The result has been the rise of governments that, to varying degrees, reject policies they perceive as made in America. Venezuela's leader is the most obstreperous. But the most dramatic example of the backlash is Argentina, once the darling of Wall Street and the think tanks. Today, after a devastating recession, the country is run by a populist who often blames foreigners for the country's economic problems, and has forced Argentina's foreign creditors to accept a settlement that gives them only 32 cents on the dollar.

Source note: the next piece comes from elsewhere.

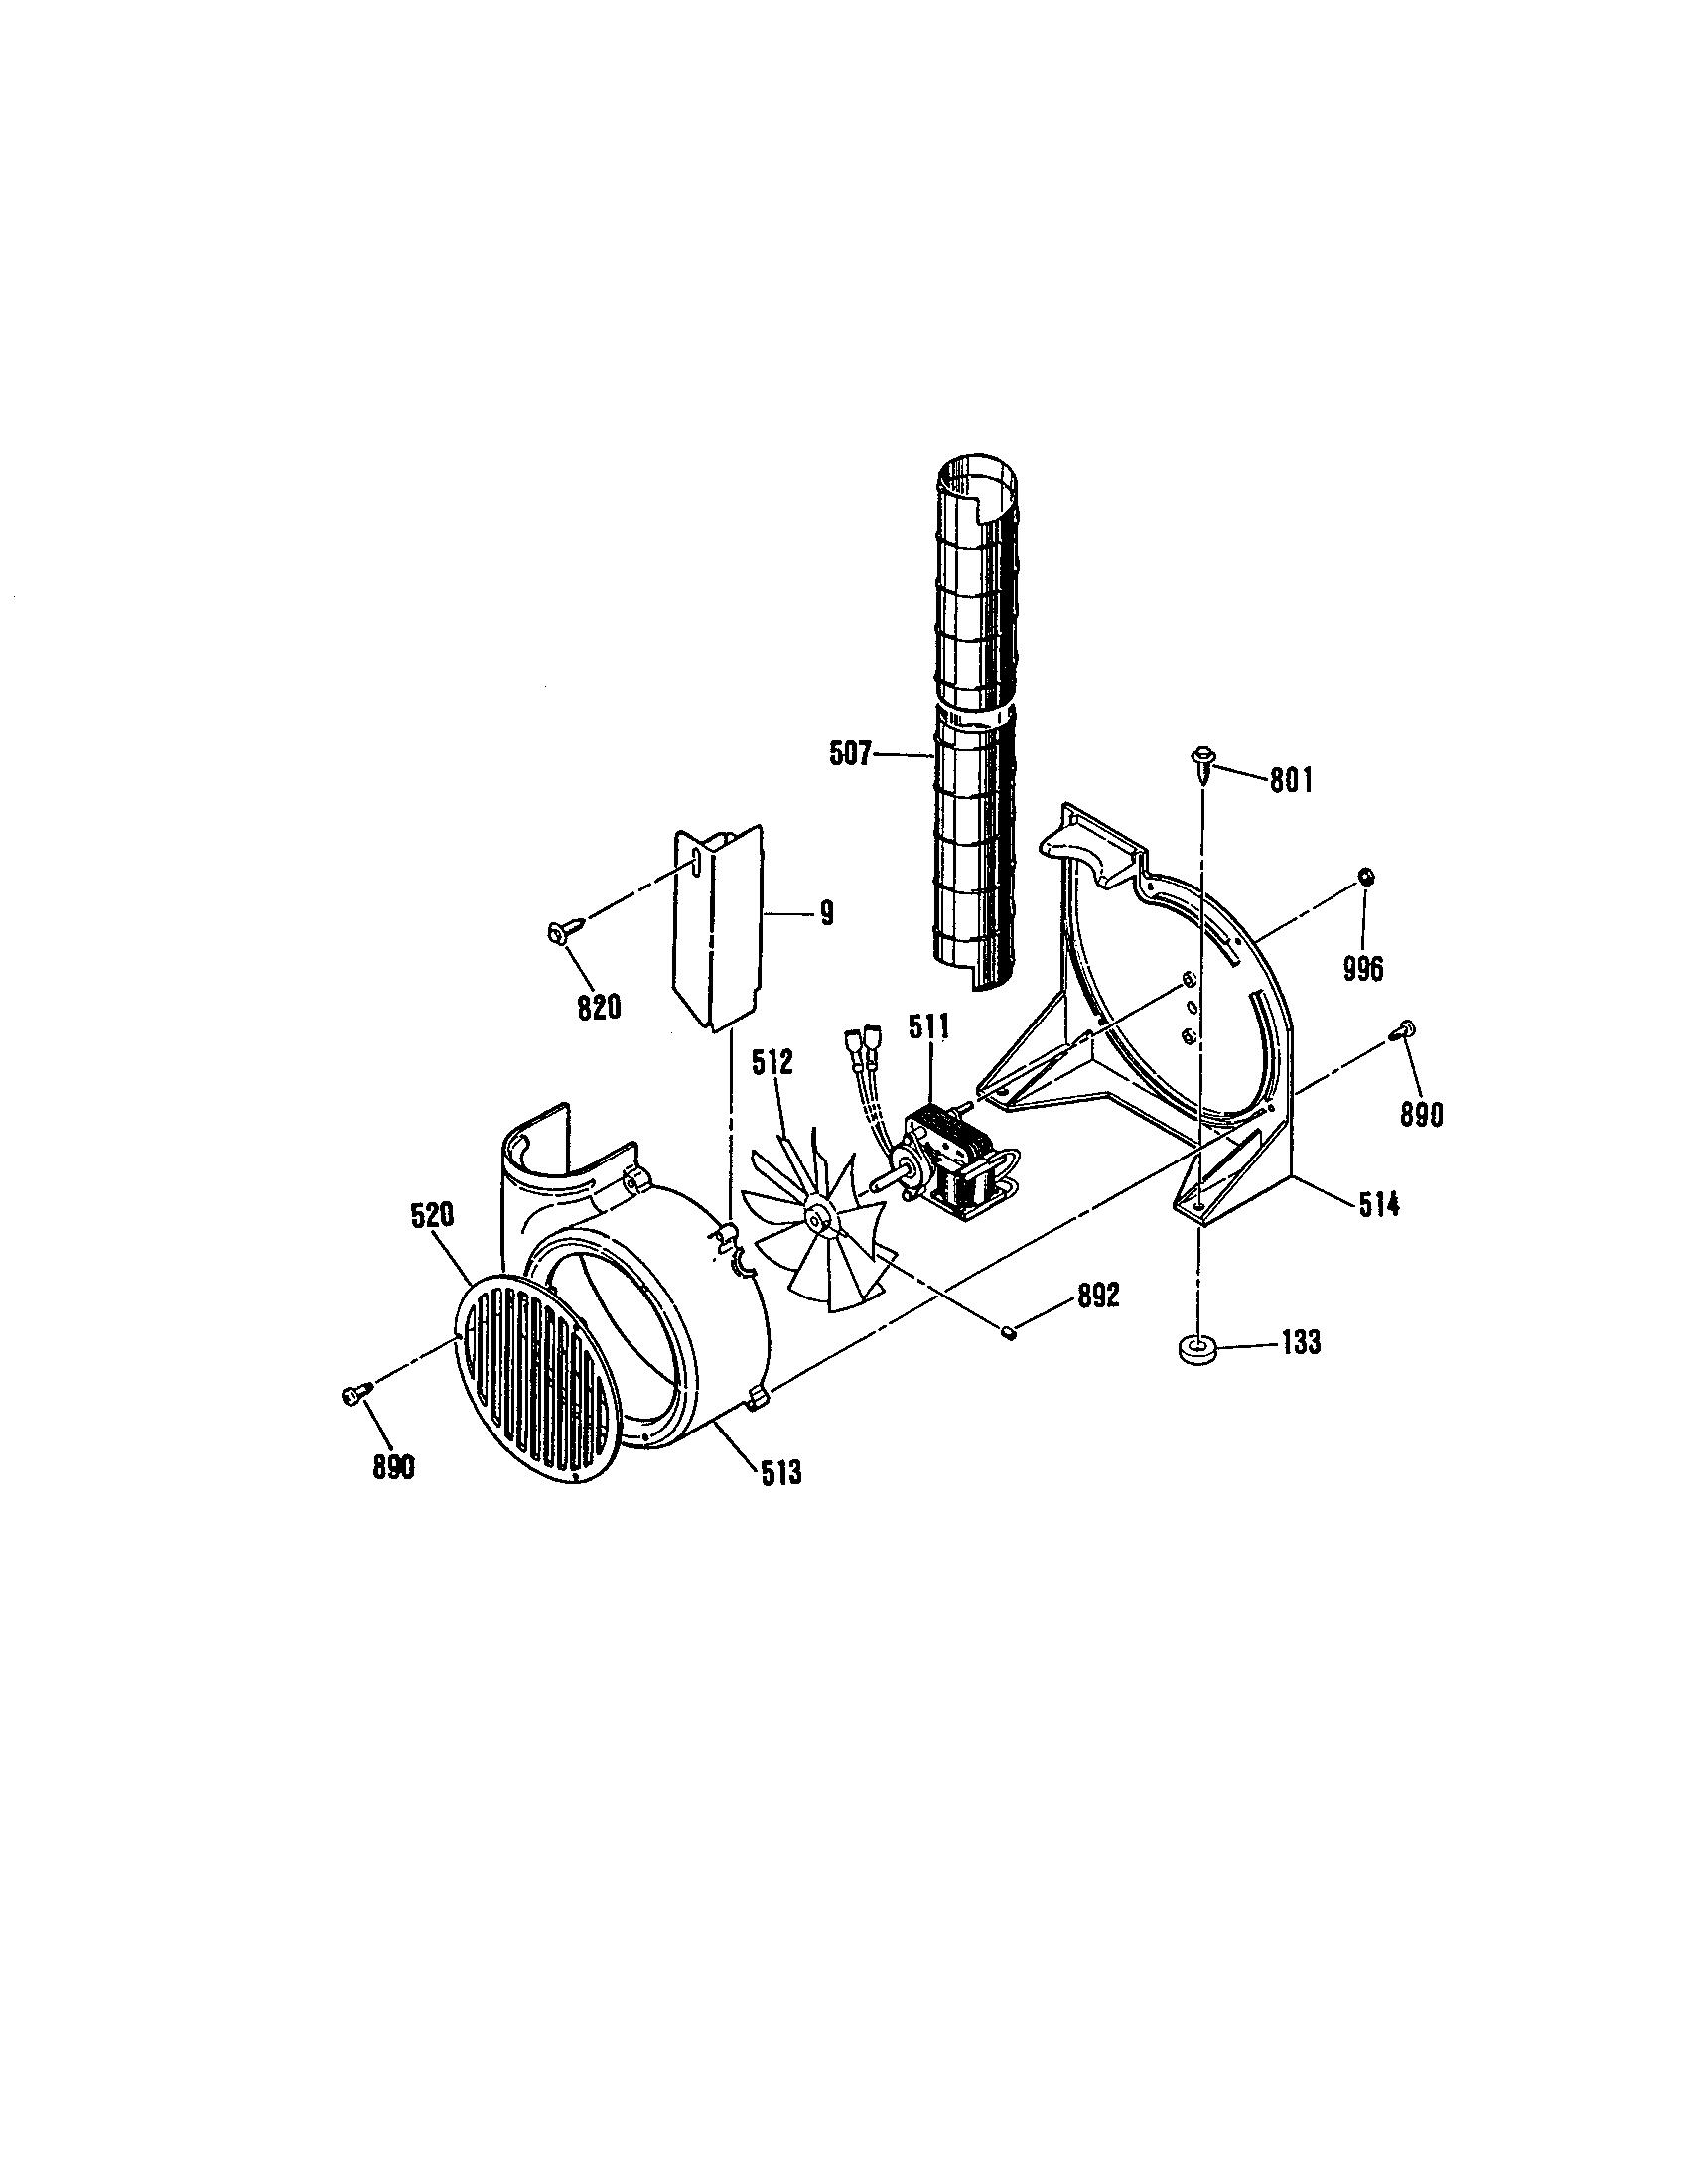 general electric jsp28gp range timer stove clocks and appliance jsp28gp range fan blower housing parts diagram

And the backlash has reached our closest neighbor. Mexico's current president, Vicente Fox, a former Coca-Cola executive, is a firm believer in free markets. But his administration is widely considered a failure. Meanwhile, Mexico City's leftist mayor, Manuel López Obrador, has become immensely popular. And his populist rhetoric has raised fears that if he becomes president he will roll back the free-market and free-trade policies of the past two decades.
How dare he even suggest that the ideologies of these friggin wingnut economist "thinkers" might be far from reality. Doesn't this Mayor know that free market dreamers have thin skin?
Not long ago, the growing alienation of Latin America from the United States would have been considered a major foreign policy setback. So much has gone wrong lately that we've defined disaster down, but it's still not a good thing.

Where does Mr. Wolfowitz fit into all this? The advice that the World Bank gives is as important as the money it lends - but only if governments take that advice. And given the ideological rigidity the Pentagon showed in Iraq, they probably won't. If Mr. Wolfowitz says that some free-market policy will help economic growth, he'll be greeted with as much skepticism as if he declared that some country has weapons of mass destruction.

Moisés Naím, editor of Foreign Policy, says that the Wolfowitz nomination turns the World Bank into the American Bank. Make that ugly American bank: rightly or not, developing countries will see Mr. Wolfowitz's selection as a sign that we're still trying to impose policies they believe have failed.
They believe have failed? C'mon Paul, I know you can hit harder than that. Maybe it's a bit of Krugman's own ideology getting in the way of his usually dead-on criticism? The policies of the IMF (often confused with the World Bank) have been almost universally horrid to the countries who had their free market snake-oil sold to them at the tip of a bond-market gun barrel, why not just come out and say it?